Pagi itu, ada kegiatan rapat guru-guru di sekolah kami.
Beliau memulai materi presentasinya dengan suatu pertanyaan “ siapakah orang
berakal itu”?
Karena tidak ada yang menjawab beliau pun lanjut
menjelaskan bahwa orang yang berakal atau cerdas adalah orang yang banyak
mengingat kematian. Rupanya beliau mengutip sebuah riwayat hadits yang dikisahkan oleh Ibnu Umar, Rasulullah
SAW bersabda :
"أفضل المؤمنين احسنهم خلقا واكيسهم اكثرهم للموت ذكرا واحسنهم
له استعدادا واولئك الأكياس".
“Orang mukmin yang paling utama adalah yang paling
baik akhlaknya. Dan orang yang cerdas atau berakal yaitu orang yang paling
banyak mengingat kematian dan yang paling baik dalam mempersiapkan bekal (untuk
menghadapi kehidupan setelah kematian). Mereka adalah orang-orang yang berakal .”
Mungkin selama ini sebagian orang mengartikan kata
cerdas hanya pada hal urusan dunia atau materi padahal tidak selalu itu. Yang lebih
penting dari itu adalah cerdas dalam urusan akhirat atau kita kenal dengan
kecerdasan spiritual.
Dengan mengingat kematian seseorang akan lebih
termotivasi untuk melaksanakan ibadah atau perintah agama baik yang wajib
maupun yang sunnah dan meninggalkan hal-hal yang dilarang, dan senantiasa mendekatkan
diri kepada Allah SWT, dan mengingat kematian membuat hati lebih ikhlas dalam
menjalankan semua aktifitas kehidupan sesuai posisi dan profesi setiap orang.
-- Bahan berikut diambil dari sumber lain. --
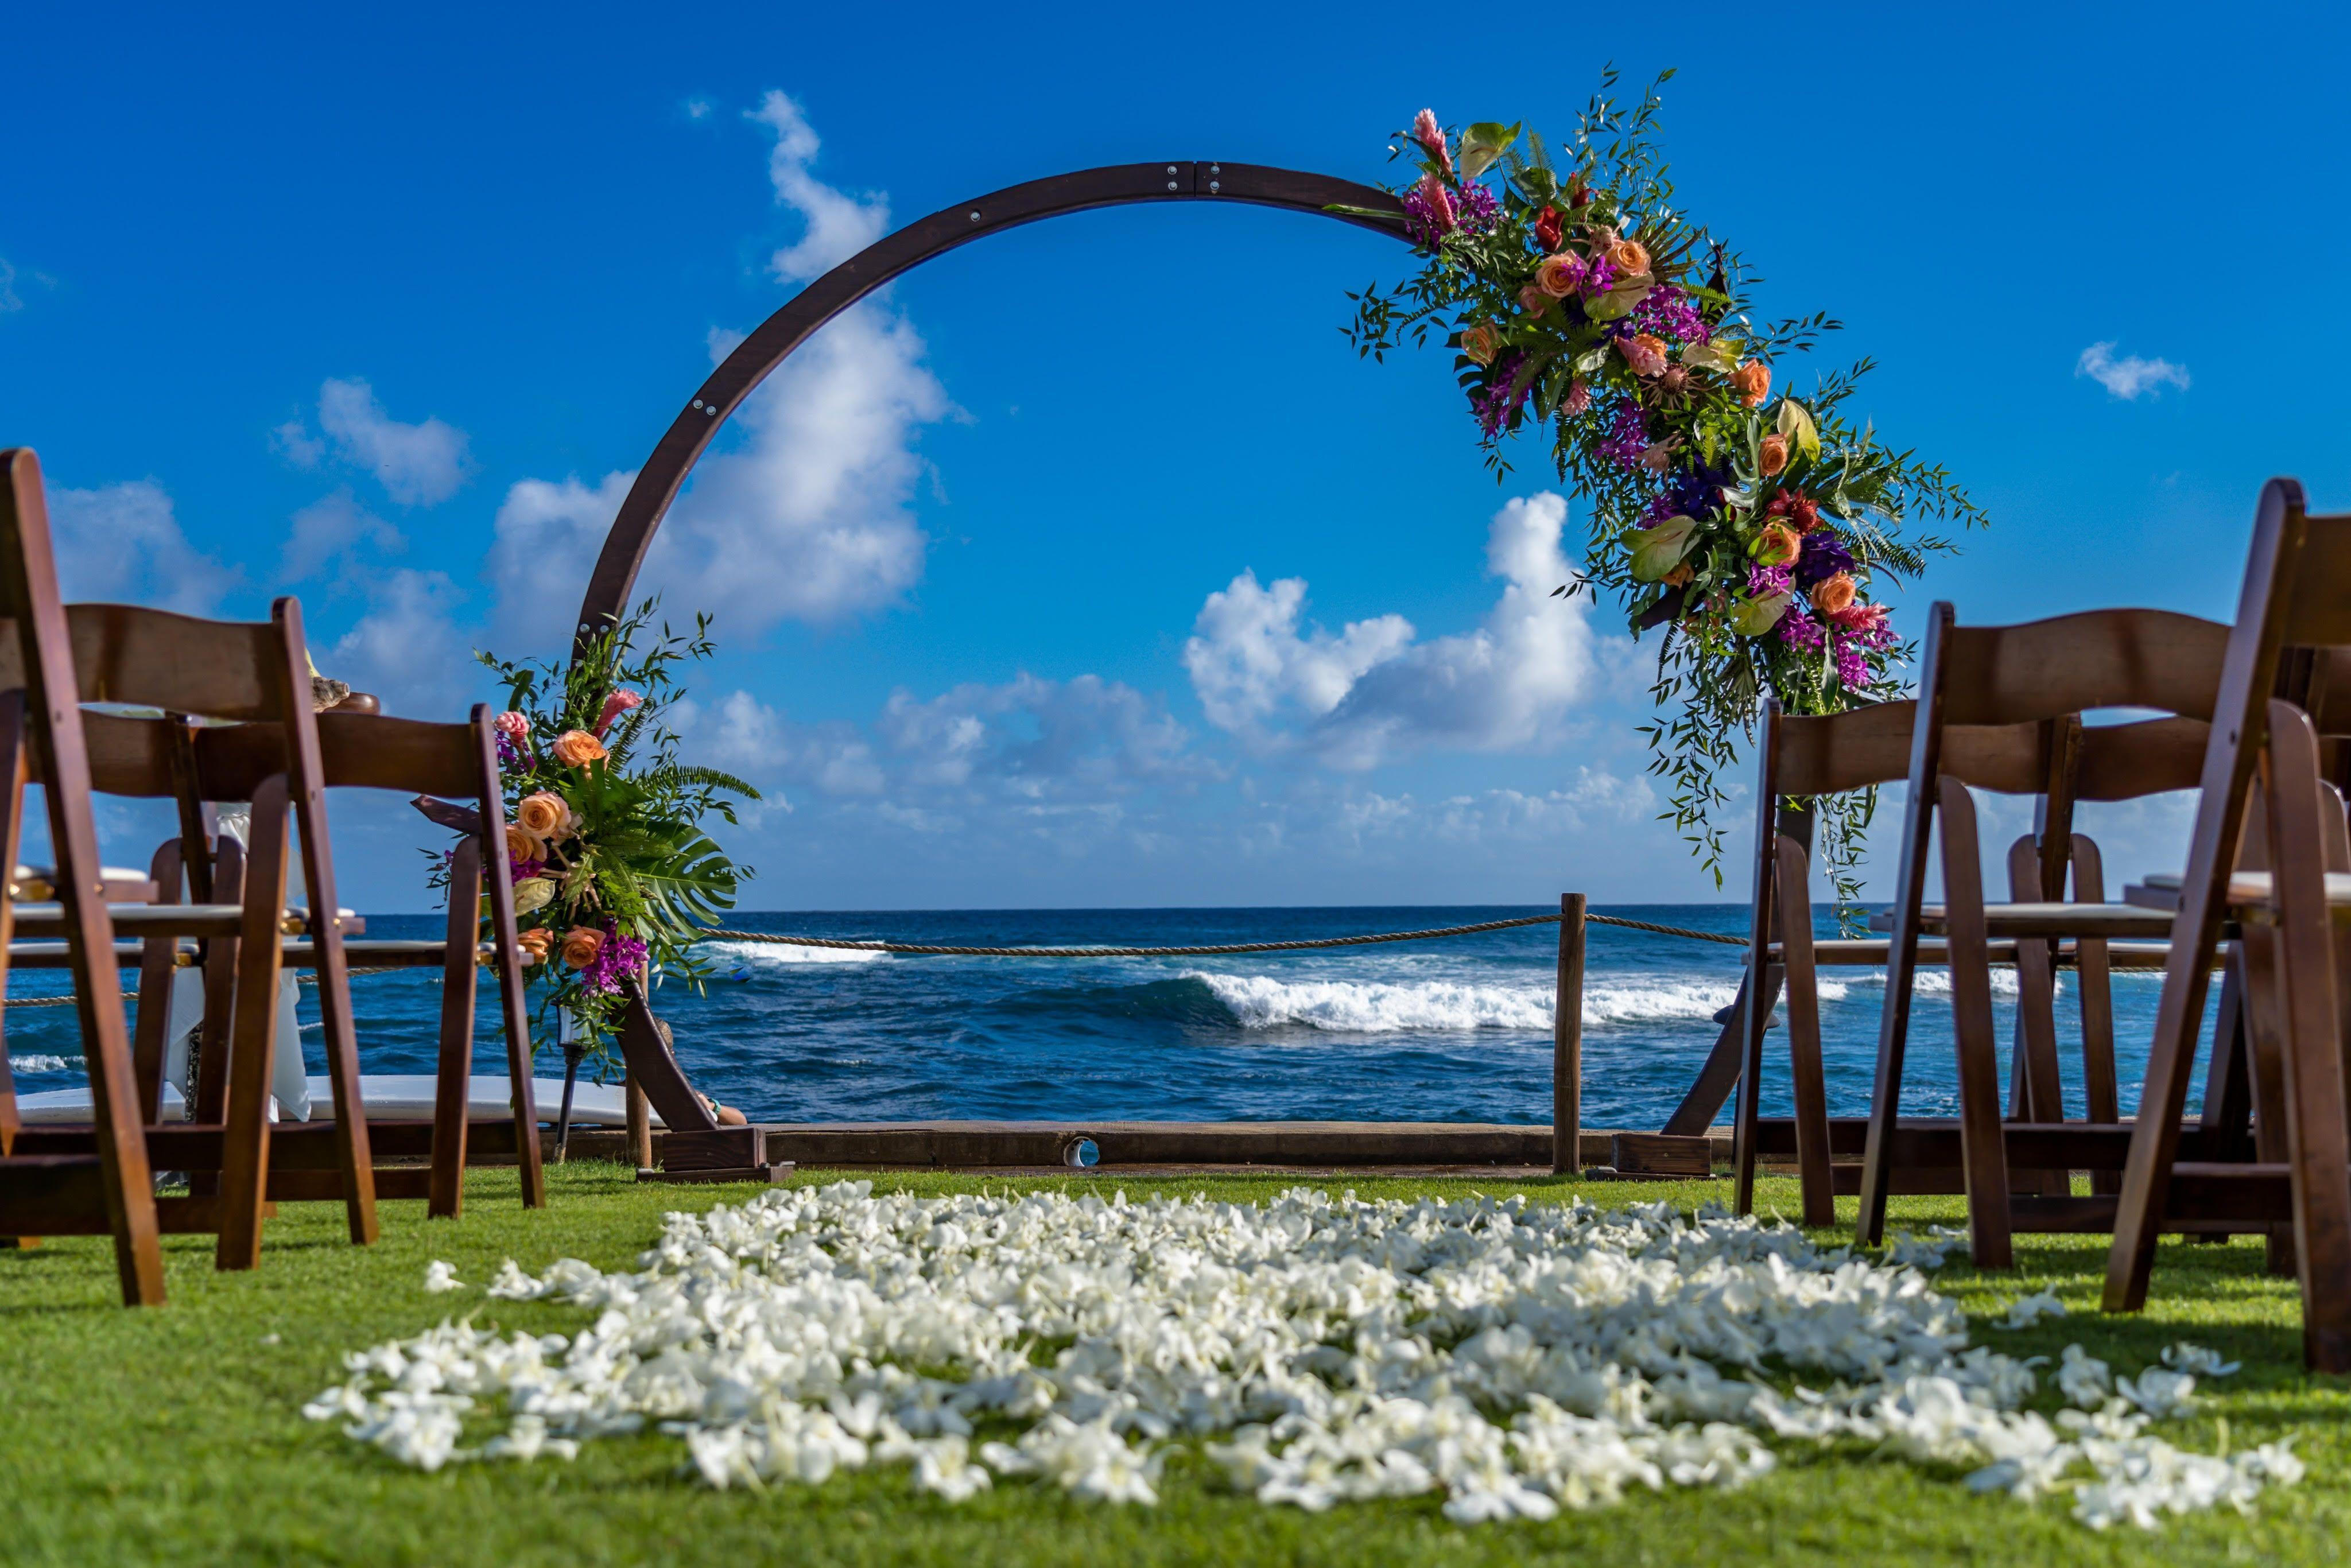 Vibrant Tropical Ceremony Oval Arch Oceanfront Kauai Destination Hawaii Wedding Oceanfront Wedding Hawaii Wedding Wedding Venues Beach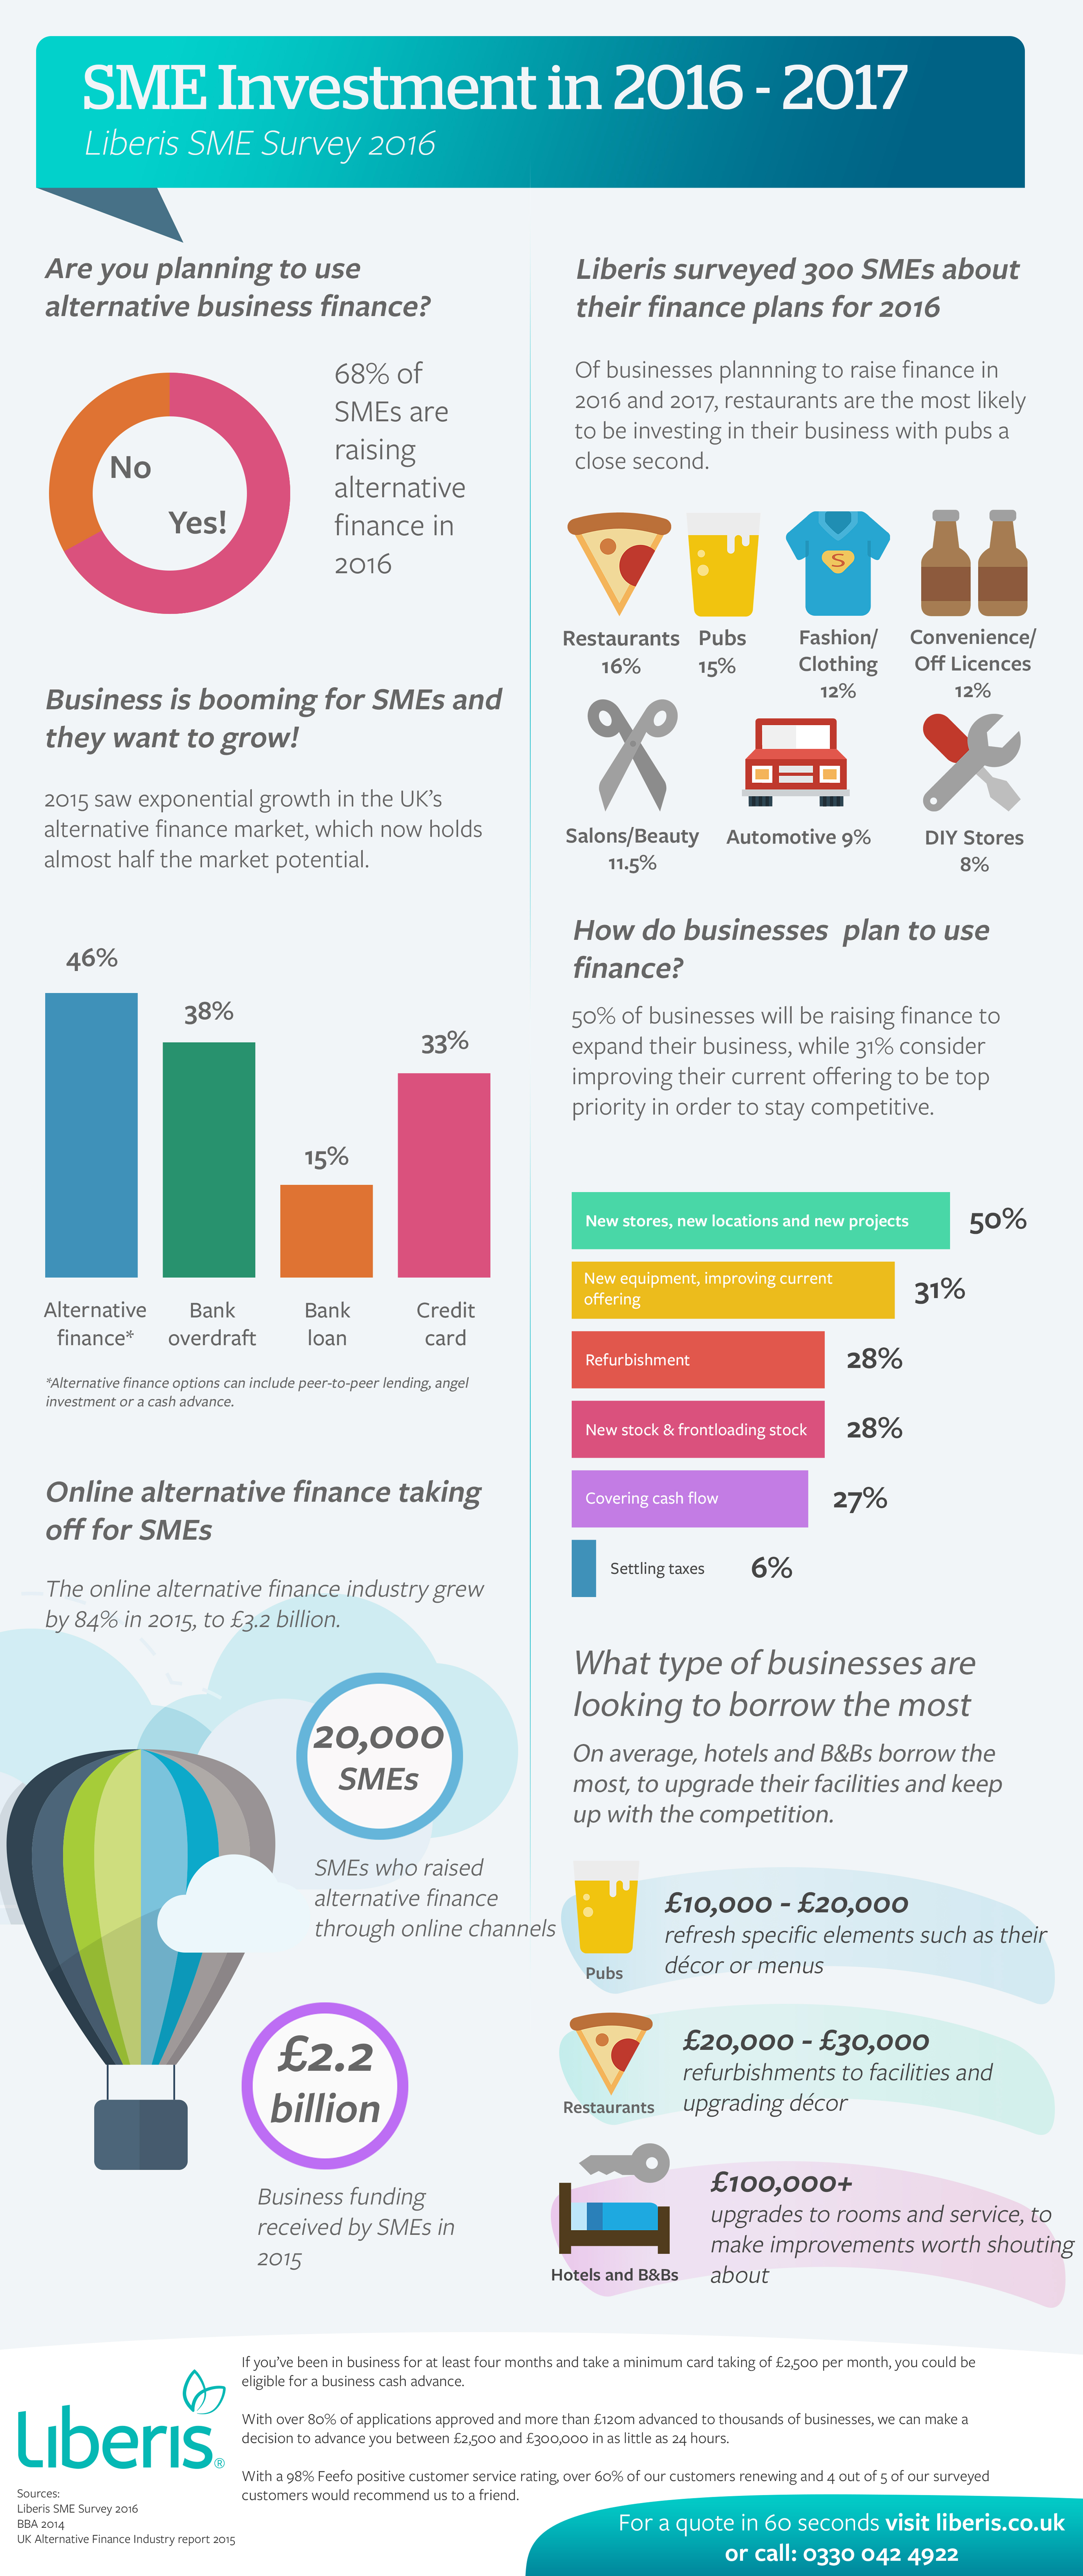 Liberis SME Survey Results

Karena
amal kebaikan apapun yang diniatkan ikhlas karena Allah SWT semata akan
bernilai besar untuk kehidupan akhirat nanti.
Misalnya seorang guru maka akan lebih ikhlas dalam
mendidik dan mengajar, seorang murid akan lebih ikhlas dalam belajar. Sebagai
ayah dan ibu akan lebih ikhlas dalam mendidik, membiayai dan mensejahterakan
keluarganya, sebagai seorang karyawan lebih ikhlas dalam memberikan yang
terbaik bagi perusahaannya dan lain-lain. Dengan mengingat kematian, sebagai apa pun dan siapa pun akan lebih
ikhlas karena orientasi utamanya adalah menebar manfaat dan kebaikan sehingga
bernilai ibadah dan menjadi bekal untuk akhirat.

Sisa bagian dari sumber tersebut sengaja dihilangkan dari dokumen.